Thursday, March 19, 2009

Fake it 'til you make it ... unless that's going to break it


That title will appropriately be filed away under "Never write a self help book because people will quickly come to hate you". And I'm going with it anyway.


I got my first dose of "corporate life" in a foreign country, India, where acronyms flow like a river to the sea and the only thing that keeps these 2-to-45 letter "words" from becoming an entity unto themselves is the fact that there is no "i" in team - and acronyms? They just don't play well with others. That includes me.


I have always thought there is something winning about the phrase "fake it 'til you make it". Let me be clear that I don't mean to imply that credentials and skills aren't necessary. Here's how I see it: If you always say "I can't" to opportunities beyond your scope of knowledge (or SOK), you're saying no to the chance for a speed date with a skill set. Any language instructor will tell you that you'll learn faster and speak more confidently if you fully immerse yourself in both the language and the culture.

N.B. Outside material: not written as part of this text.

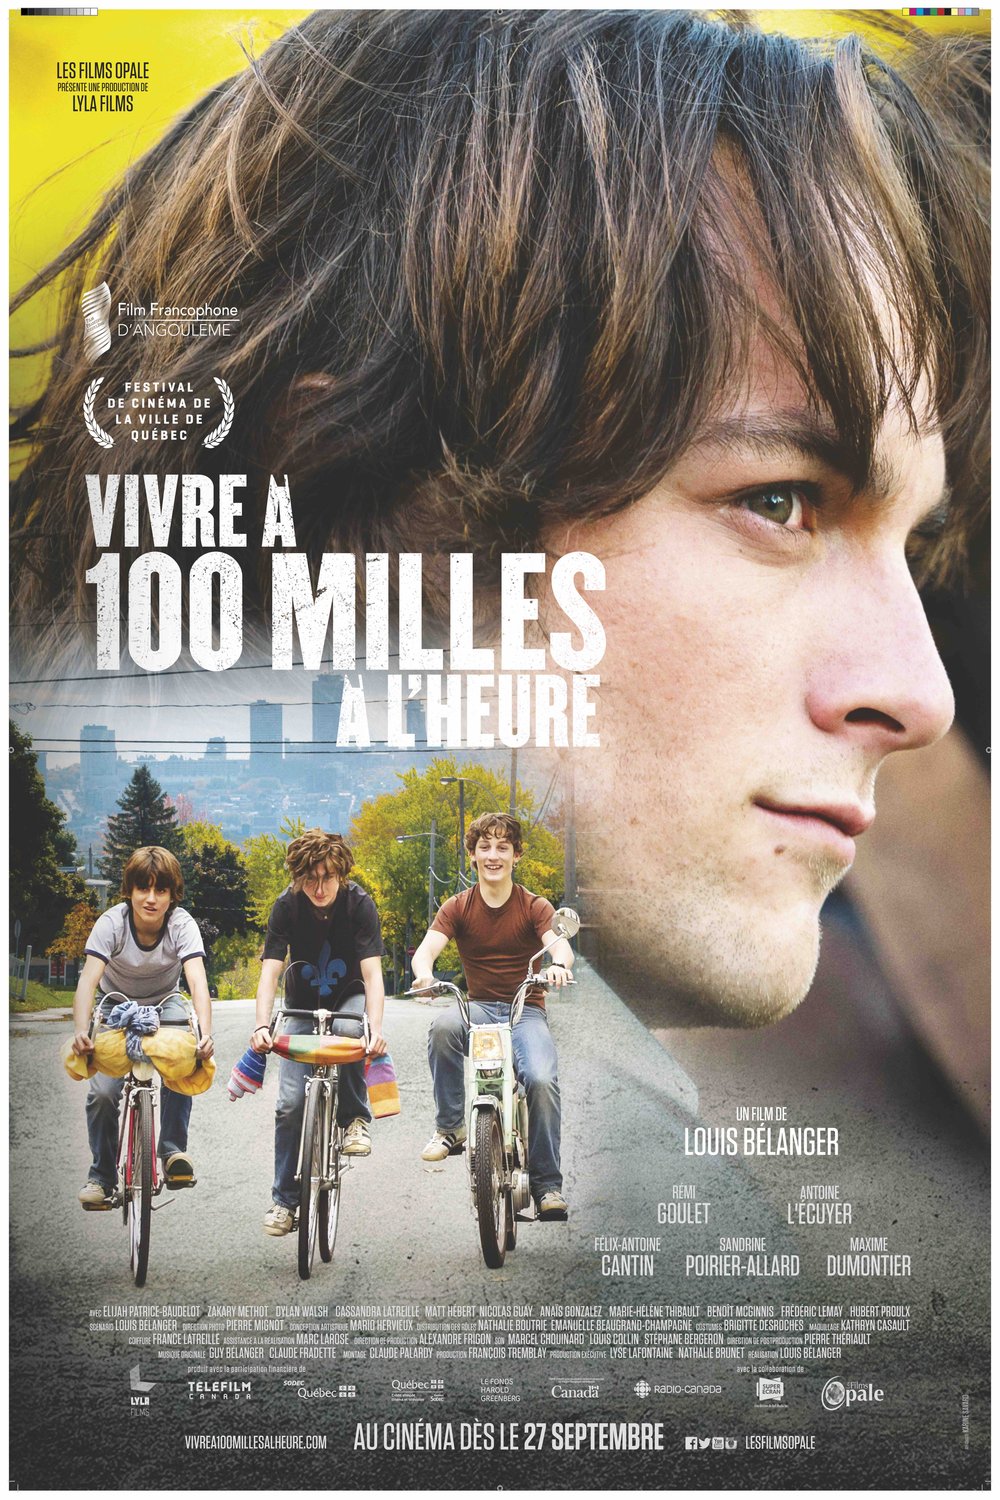 Poster of the movie Vivre à 100 milles à l'heure

But in the business world, it's a bit different. When you're at a new job it is part of the drill to be so overwhelmed with information that your eyes begin to glaze over at the mention of another process or strategy, or the 10,000th introduction. I guess that's what I mean when I use "fake it". Because no one gets it exactly right the first time. I can't tell you how many times in the past two weeks I've sat in a training session going "holy moses, I think I get it!", only to walk out to my cubicle and go wait, what was that about? And in the meantime I've also forgotten how doorknobs work. But you give it time to sink in, and the concept will come back. You'll "make" it.


Acronyms, however, are a different ballgame. You can't "fake" that, and you shouldn't try. I mistook what I thought was an "Indian thing" for what is actually a corporate thing. A Frankenstein language of portmanteaus and unjustifiable letter-pairings - NO! -
caboodlings, slathered together in a monstrous incongruity from all levels of every division, support group and project launch imaginable. AND YOU HAVE TO KNOW THEM ALL. Seriously. Just get it over with. Start an index. A gant chart. A Six Sigma Methodology for acronym documentation. Whatever. But don't glaze over those little buggers, or you're going to regret it when your boss comes screaming at you for not completing the DART, REFLM, tracker a la mode, etc. Bite the bullet and ask that it be spelled out - literally - when you have no idea what the iSPAWN division does (I Secretly Prance Around While Naked).

And good luck, friend. May the *GoFWo be with you.

*Gods of Fake Word-ology

2 comments:

Anonymous said...

fake word-ology!

I love it.

I made up a word..

"Cockle"

yep... funny story behind that.

Jaggu said...

Came across your blogspot while blogging. Nice blog you have got and I like the word "Fake Word-ology". :)
And you are right, we will survive till we fake something or the other. :-P. Anyways, I welcome you to my blog as this is the first time me visting yours.